From Pipeline to Parliament: 5 Agents That Underwrite a Deal

The Problem with Linear Pipelines

The V2 underwriting system looked clean on a whiteboard:

Raw Documents → Gemini Extraction → DealSchema → 11 SME Evals (parallel)
→ Deterministic Aggregation → Single-Pass Report → Questions

Every stage runs once. No iteration, no feedback loops, no self-assessment. The extraction either got it right or it didn't. Each of the 11 subject matter experts — GPU engineer, financial analyst, legal analyst, and eight others — evaluated in total isolation. When they disagreed, the system just... concatenated their opinions. Question deduplication was literally "compare the first 100 characters."

This worked for a while. Then we started seeing the cracks:

No evidence tracking. An SME might flag "CapEx assumptions are aggressive" with zero link to which document, which page, which number.
No cross-SME reasoning. Legal says PASS, risk says FAIL — the system presents both opinions side by side with no attempt to resolve the conflict.
No quality gate. A bad extraction propagates silently through every downstream stage. Garbage in, garbage out, with no checkpoint in between.
No fact-checking. Every claim from an LLM call was taken at face value.

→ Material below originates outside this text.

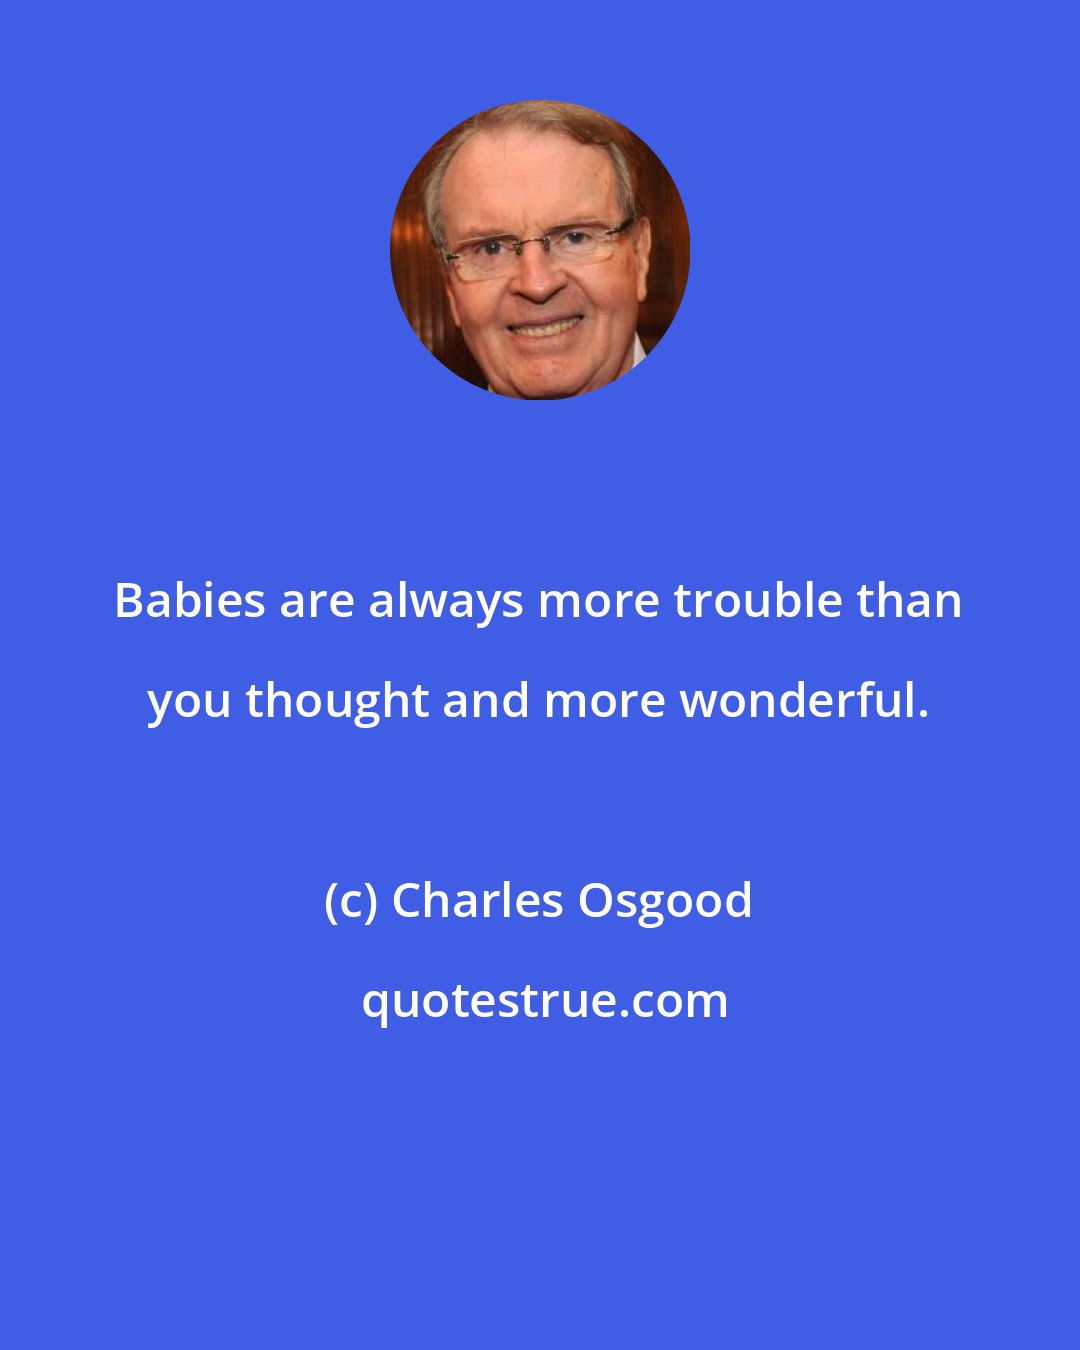 Charles Osgood: Babies are always more trouble than you thought and more wonderful.

The V3 Architecture: 5 Autonomous Agents

V3 replaces the linear pipeline with a system of agents that can think, verify, and argue:

ExtractionAgent (5-phase, reflective)
    ↓ DealSchema
11× SMEAgent (4-phase, tool-grounded)
    ↓ 11× SMEEvaluation
ICPanelAgent (5-step: aggregate → synthesize → debate → challenge → questions)
    ↓ Enhanced UnderwritingPacket
ReportAgent (3-phase: draft → self-review → revise)
QuestionAgent (3-phase: gap-analysis → web-filter → prioritize)

Each agent is an autonomous state machine. They don't just call an LLM once and return the result — they iterate through phases, reflect on their own output quality, use tools to verify claims, and only emit a final result when a quality threshold is met.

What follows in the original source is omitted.